Nevertheless, Father maintains that because he raised a "factual challenge" to the subject matter jurisdiction of the court, the trial court was required to make a determination as to whether subject matter jurisdiction existed. Staats v. McKinnon, 206 S.W.3d 532, 543 (Tenn. Ct. App. 2006). Yet, two of the times that Father had an opportunity to put forth facts in support of his position, he did not even appear by himself or through counsel and did not submit any affidavits or other evidence. We do know that Mother testified at those two hearings, on April 18, 2008, and February 27, 2009, but we do not know the substance of that testimony because Father, as appellant, has not supplied a transcript or a statement of the evidence. The only time the issue was argued Father offered no facts to back up his argument and refute the admitted facts. Arguments of counsel are not evidence. State v. Roberts, 755 S.W.2d 833, 836 (Tenn. Crim. App. 1988). Under the facts in the record, the trial court properly determined that it had subject matter jurisdiction.
"A factual challenge denies that the court actually has subject matter jurisdiction as a matter of fact even though the complaint alleges facts tending to show jurisdiction." Staats v. McKinnon, 206 S.W.3d 532, 543 (Tenn. Ct. App. 2006).
Normally, without at least a statement of the evidence, "we must assume that the record, had it been preserved, would have contained sufficient evidence to support the trial court's factual findings." Sherrod, 849 S.W.2d at 783. However, the trial court made no factual findings in these two instances because no one appeared to put forth Father's argument.
Finally, Father argues that the trial court abused its discretion when it refused to decline to exercise its jurisdiction due to the inconvenience of the forum. The UIFSA contains no inconvenient forum provision, unlike the Uniform Child Custody Jurisdiction and Enforcement Act. See Tenn. Code Ann. § 36-6-222. Nevertheless, the courts of this state have the inherent power to utilize the doctrine of forum non conveniens to refuse to exercise jurisdiction over a cause of action. Zurick v. Inman, 426 S.W.2d 767, 772 (Tenn. 1968). The doctrine addresses the discretionary power of a court to decline to exercise jurisdiction when it appears there is another place where the case may be more suitably or conveniently tried. Luna v. Sherwood, 208 S.W.3d 403, 405 (Tenn. Ct. App. 2006). The doctrine of forum non conveniens is based on a court having both personal and subject matter jurisdiction and there being at least one other jurisdiction where the case could be brought. Zurick, 426 S.W.2d at 771.

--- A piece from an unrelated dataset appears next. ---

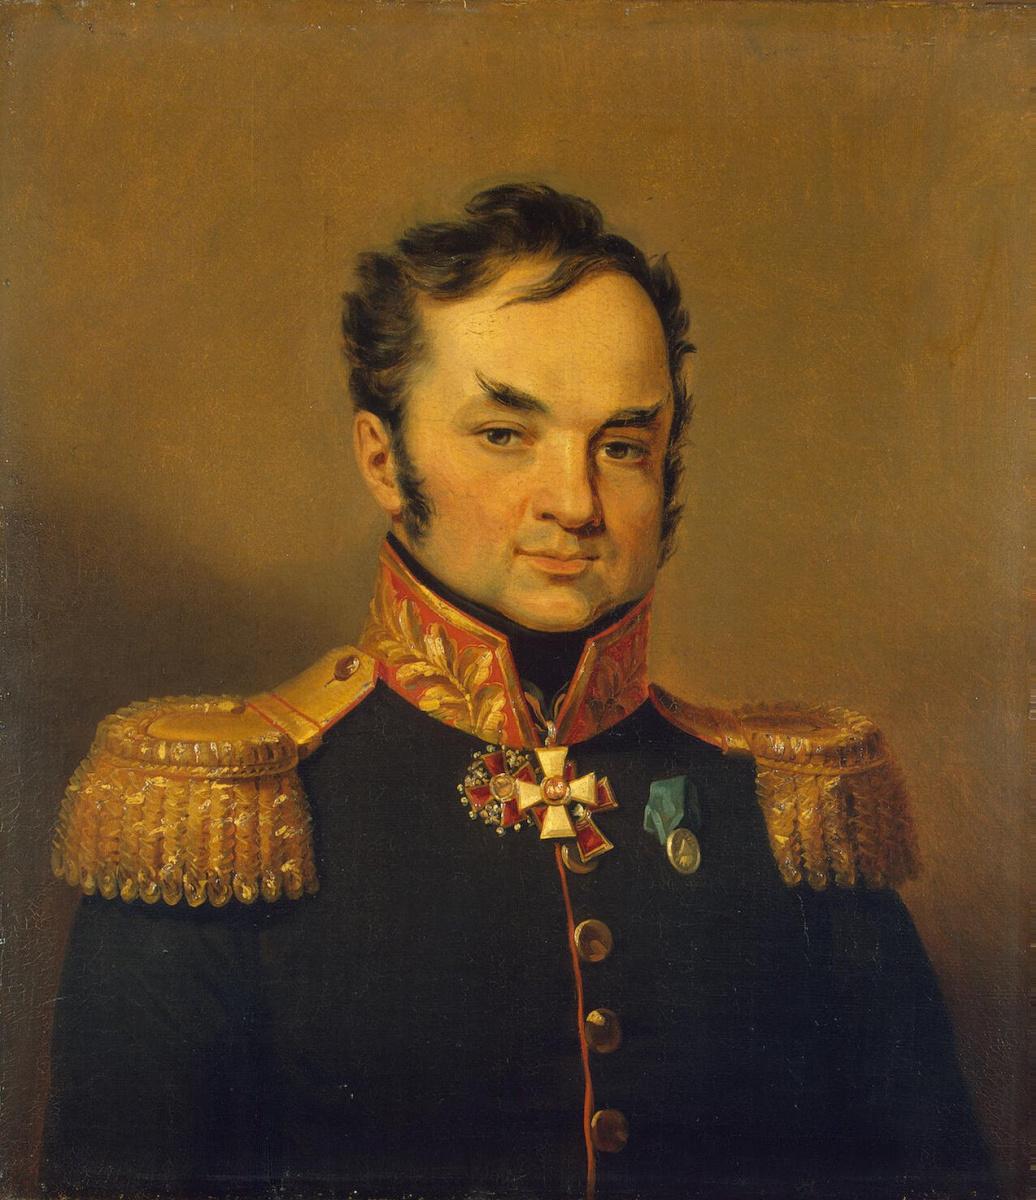 Джордж Доу. Портрет Андрея Саввича Глебова

We have already found personal and subject matter jurisdiction. Father's argument is based on there being another, more convenient jurisdiction in which to try the case because Mother and Ella moved back to Mississippi during the pendency of the case. The one time the issue was actually presented to the trial court, during the Rule 60 motion hearing, the court observed that there was no evidence in the record supporting this claim. As we noted earlier, arguments of counsel are not evidence. Roberts, 755 S.W.2d at 836. Since there was no evidence supporting the claim of an inconvenient forum, the trial court could do nothing other than deny Father's motion in that regard. There is no abuse of discretion. "Stated in another manner, the trial judge had no facts before him upon which he could exercise his discretion." Zurick, 426 S.W.2d at 775.
The trial court is affirmed in all respects. Costs of appeal are assessed against the appellant, for which execution may issue if necessary.